Menderes, 1950’de iktidara geldiğinde Türkiye ekonomik, teknik ve sosyal bakımdan en geri kalmış bir Afrika ülkesinden farksızdı. Yol, su, elektrik yoktu. Halk mutsuz, sağlıksız ve fakirdi. Bu şartlar altında Doğu Anadolu’da mükemmel bir üniversite kurabilmek kolay bir iş değildi. Vatan ve millet aşkıyla yanan Adnan Menderes, 31 Nisan 1957’de Meclis’ten 6990 Sayılı Kanun’la Erzurum’da bir üniversite kurulması kararını çıkarttı. Daha sonra ismine ‘‘Atatürk Üniversitesi’’ denildi. Aynı senenin 25 Temmuz günü Cumhurbaşkanı Celal Bayar’la birlikte Erzurumluların coşkun sevgi gösterileri arasında üniversitenin temelini attılar. 1958-1959 eğitim yılında da Şair Nefi Ortaokulu’nda, Fen-Edebiyat ve Ziraat Fakültelerinde öğrenim başladı. 1963 yılında da kampüste yeni yapılan ilk binalara geçildi. 1964 yılında biz de burada Ziraat Fakültesi’nden mezun olduk.

AKADEMİK VE MALİ DESTEK 

Üniversitenin açılış yıllarında özellikle Ziraat Fakültesi için akademik personel bulmak zor olabilirdi.
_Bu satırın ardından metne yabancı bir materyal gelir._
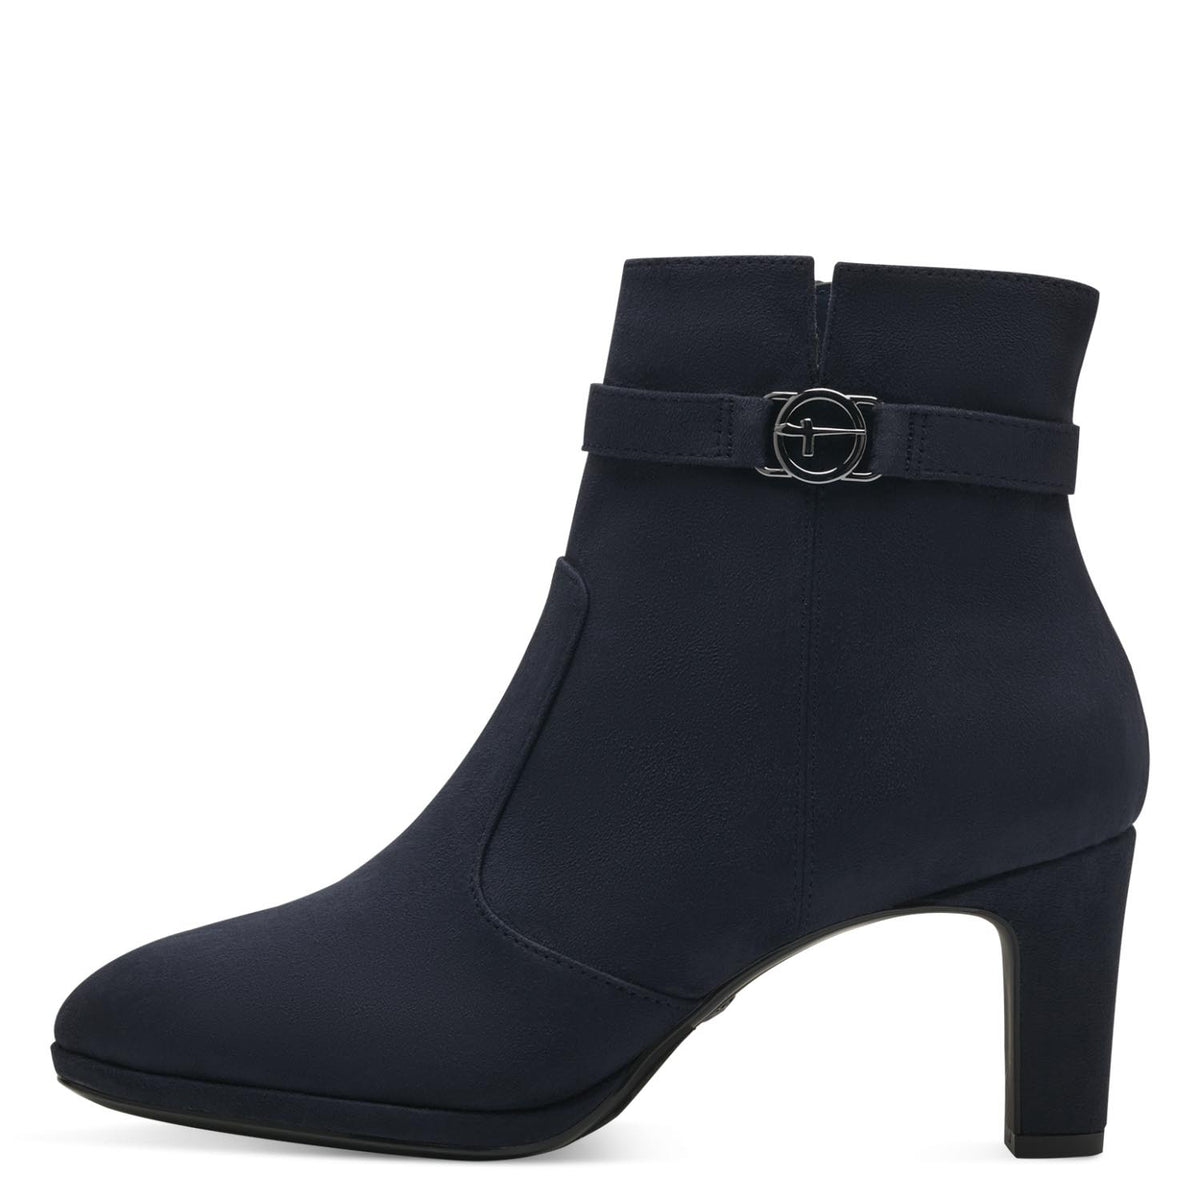 Front view of Tamaris Dressy Navy Thick Heel Boots.

Adnan Menderes, ABD’nin orta kesiminde bulunan ve Erzurum gibi kara iklimine sahip ‘‘Nebraska Üniversitesi’’ ile bir ‘‘İş Birliği Anlaşması’’ yaptırdı. Buradan önemli ölçüde akademik ve mali yardım alınmasını sağladı. Ziraat Fakültesindeki bir kısım hocalarımız Nebraska Üniversitesi’nden geliyordu. Çok kaliteli akademisyenlerdi. Kendilerinden çok istifade ettik. Prof. Fensky, Prof. Carter, Prof. Aleksandr isimli hocaları hatırlıyorum. Üniversitede Ziraat ve Fen-Edebiyat dekanlıklarından başka bir de “Nebraska” grubu dekanlığı vardı.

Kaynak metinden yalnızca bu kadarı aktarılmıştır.